Beta-blocker use and cardiovascular event risk in patients with heart failure with preserved ejection fraction
- PMID: 29934526
- PMCID: PMC6015007
- DOI: 10.1038/s41598-018-27799-y
Beta-blocker use and cardiovascular event risk in patients with heart failure with preserved ejection fraction
Abstract
To assess whether beta-blocker use is associated with cardiovascular events and mortality in patients with heart failure with preserved ejection fraction (HFpEF), this study analyzed the Treatment of Preserved Cardiac Function Heart Failure with an Aldosterone Antagonist (TOPCAT) trial data using Cox proportional hazard models.

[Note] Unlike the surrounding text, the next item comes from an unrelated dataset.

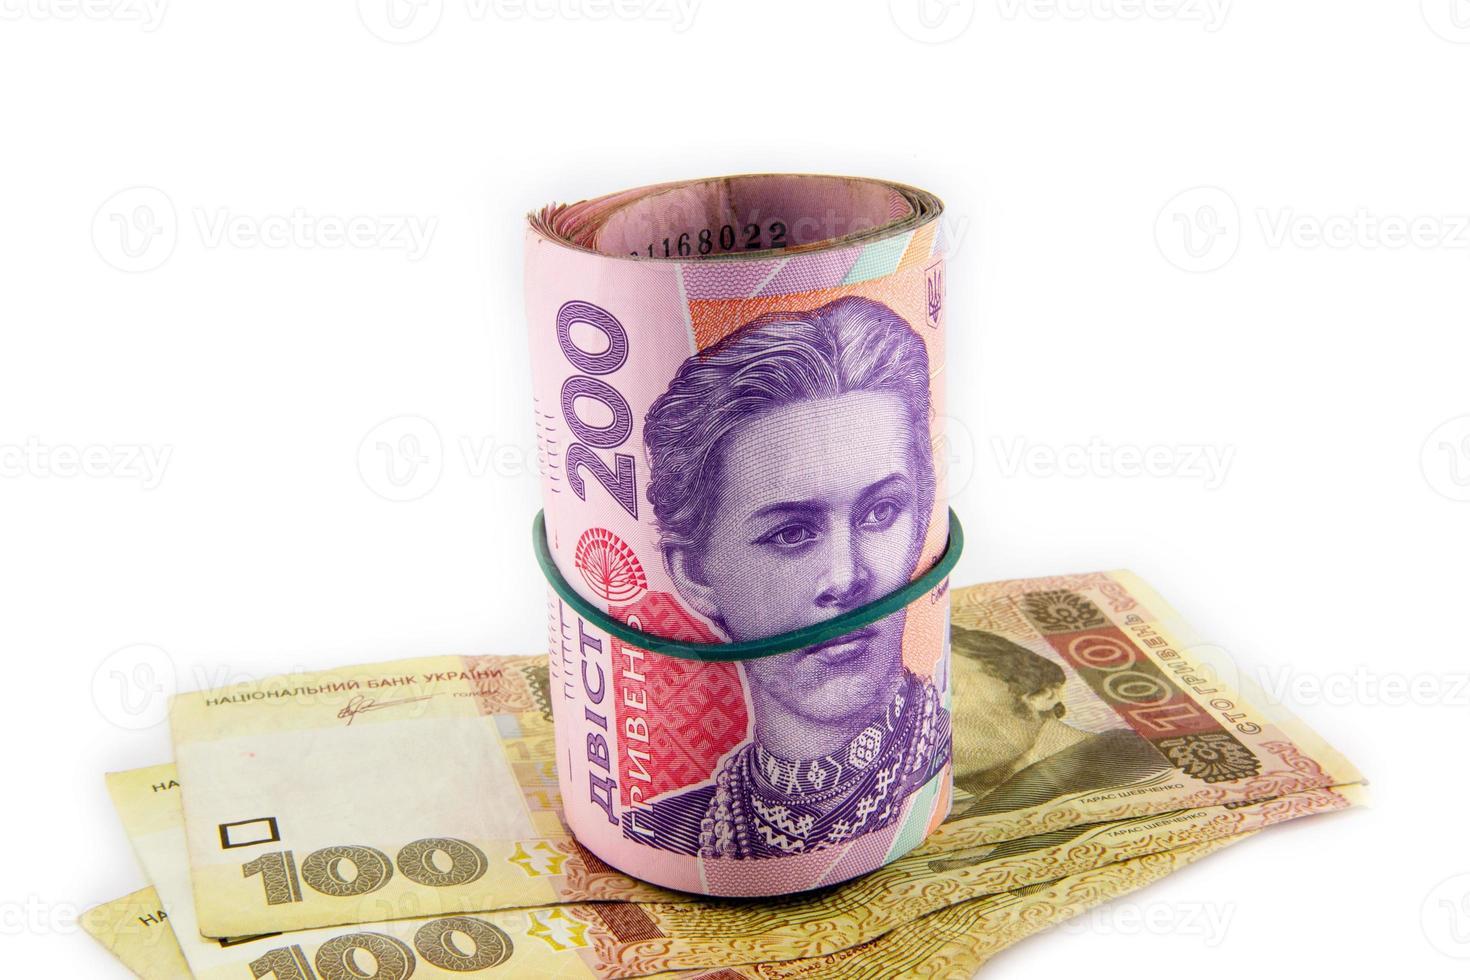 hryvnia ucraniano fechar-se foto

Adjusted HRs for composite cardiovascular events in all patients and in patients without previous MI were significantly higher for those on beta-blockers than for those not on beta-blockers (Hazard ratio [HR] for all patients 1.23, 95% confidence interval [95% CI] 1.02-1.49; HR for patients without previous MI 1.35, 95% CI 1.08-1.70), whereas that for patients with previous MI was not significantly different (HR 1.06, 95% CI 0.74-1.54). Additionally, cardiovascular event risk in propensity score-matched patients without previous MI was significantly higher in those on beta-blockers than in those not on beta-blockers. Risks of all-cause death, major cardiovascular events, and heart failure hospitalization were significantly higher in those on beta-blockers than in those not on beta-blockers. Beta-blocker use in HFpEF patients, particularly those without previous MI, was associated with increased risk of unfavorable cardiovascular events.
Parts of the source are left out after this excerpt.